Die jüngste Umfrage von Bank of America zu LKW-Ladungsnachfragen zeigt eine leicht verbesserte Erwartungshaltung der Versender: Der Nachfrageindikator stieg auf 57,4 Punkte, nach 56,1 Punkten in der Vorwoche. Damit liegt der Wert jedoch bereits zum zweiten Mal in Folge unter der historischen Wachstumsschwelle von 60 Punkten – nach einer neunwöchigen Phase darüber. Der Anstieg von 2,4 Punkten lag leicht über dem durchschnittlichen saisonalen Zuwachs von Mitte bis Ende August in der 15-jährigen Geschichte der Umfrage.

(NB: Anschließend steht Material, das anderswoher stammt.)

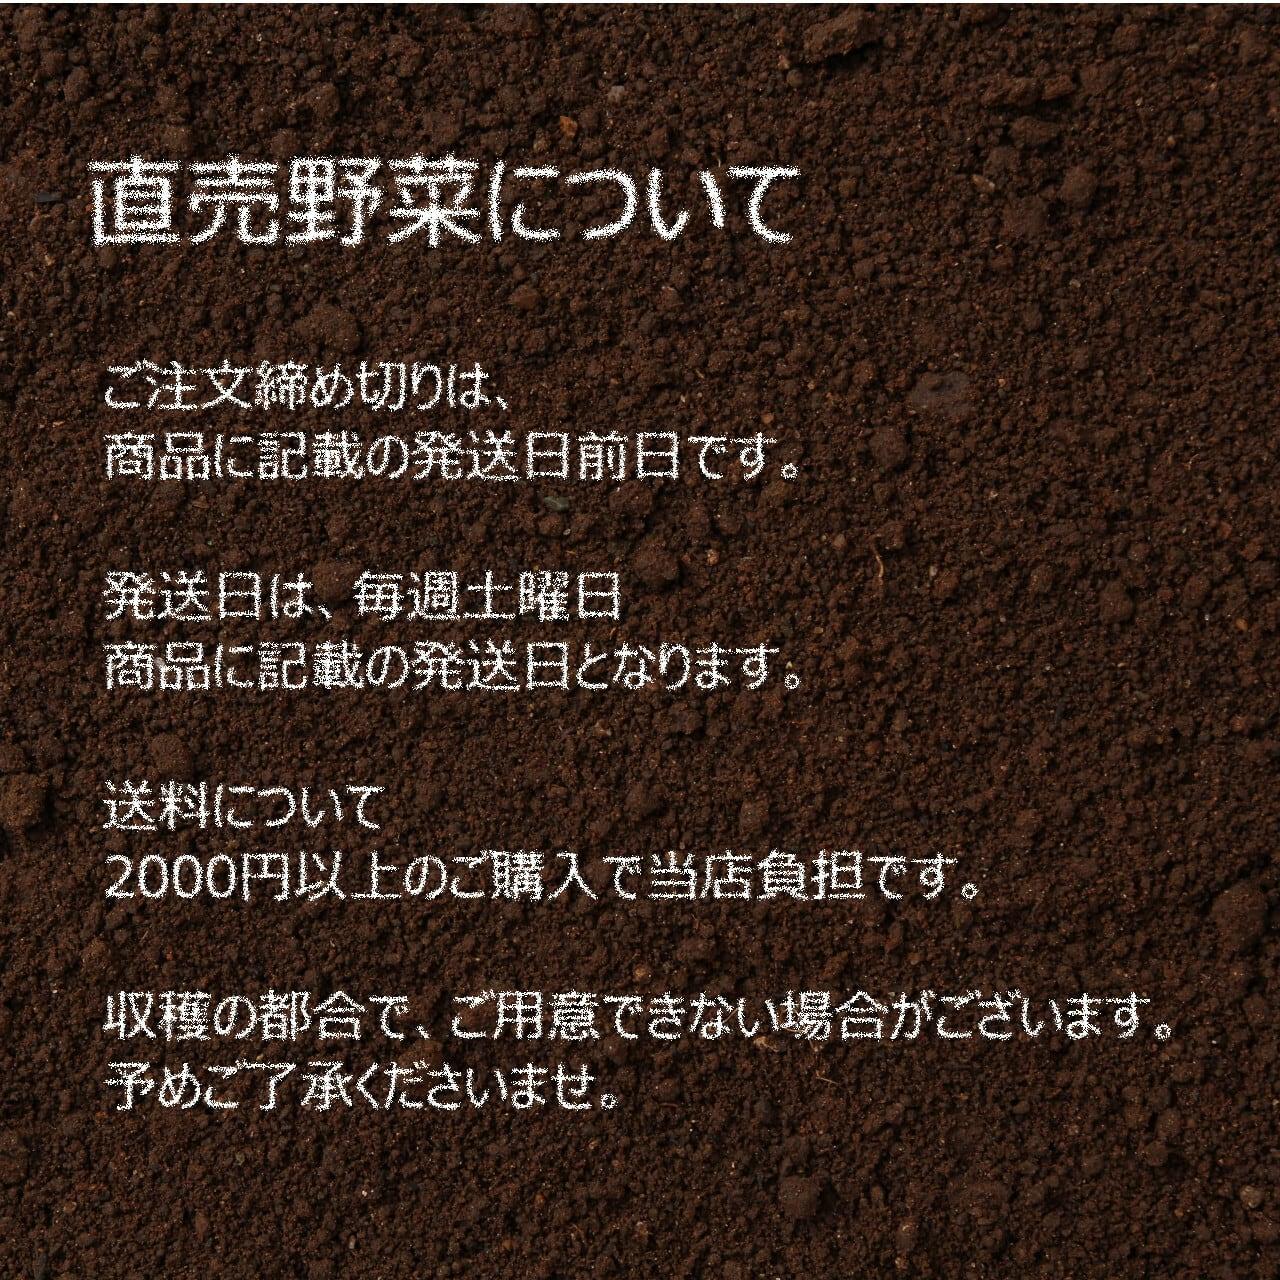 8月の朝採り直売野菜 : 坊ちゃんカボチャ 1個 新鮮な夏野菜 8月22日発送予定

In der Vorumfrage war der Nachfrageindikator um 11,1 Punkte gesunken – deutlich stärker als der durchschnittliche Rückgang von 2,9 Punkten. Damit markiert dies den zweitstärksten Rückgang in der Geschichte der Erhebung. Im Jahresvergleich liegt der Indikator jedoch um 2 Punkte höher.
Die Stimmung der Versender hat sich leicht aufgehellt: 38 % der Befragten rechnen mit einer positiven kurzfristigen Nachfrageentwicklung, gegenüber 29 % in der Vorumfrage. Die neutralen Erwartungen sanken von 61 % auf 43 %, während die negativen Einschätzungen von 10 % auf 19 % stiegen.
Bei den Kapazitätsbedingungen zeichnet sich eine leichte Lockerung ab: Der Kapazitätsindikator stieg auf 32,4 Punkte, nach 25,6 Punkten zuvor – der höchste Stand seit März 2026. Trotz eines Anstiegs um 27 % in der Sequenz bleibt der Wert deutlich unter den historischen Durchschnittswerten. Der Tarifindikator kletterte auf 79,7 Punkte, nach 76,8 Punkten.
Die Spotraten für Trockenfracht-LKW-Ladungen (ohne Treibstoff) fielen auf 2,05 USD pro Meile, nach 2,08 USD in der Vorwoche. Damit setzen sich die Rückgänge der vergangenen fünf Wochen fort – ausgehend von einem Höchststand von 2,31 USD pro Meile. Dennoch liegen die Raten weiterhin 38 % über dem Vorjahresniveau. Die Eisenbahn-Güterwagenladungen stiegen im Jahresvergleich um 3,8 %.
Die Erwartungen der Versender zu künftigen Tarifen blieben weitgehend stabil: 62 % gehen von steigenden Preisen aus (Vorwoche: 61 %). Der Anteil derer, die mit stabilen Preisen rechnen, stieg auf 35 % (Vorwoche: 32 %), während die Erwartung sinkender Preise auf 3 % fiel (Vorwoche: 7 %).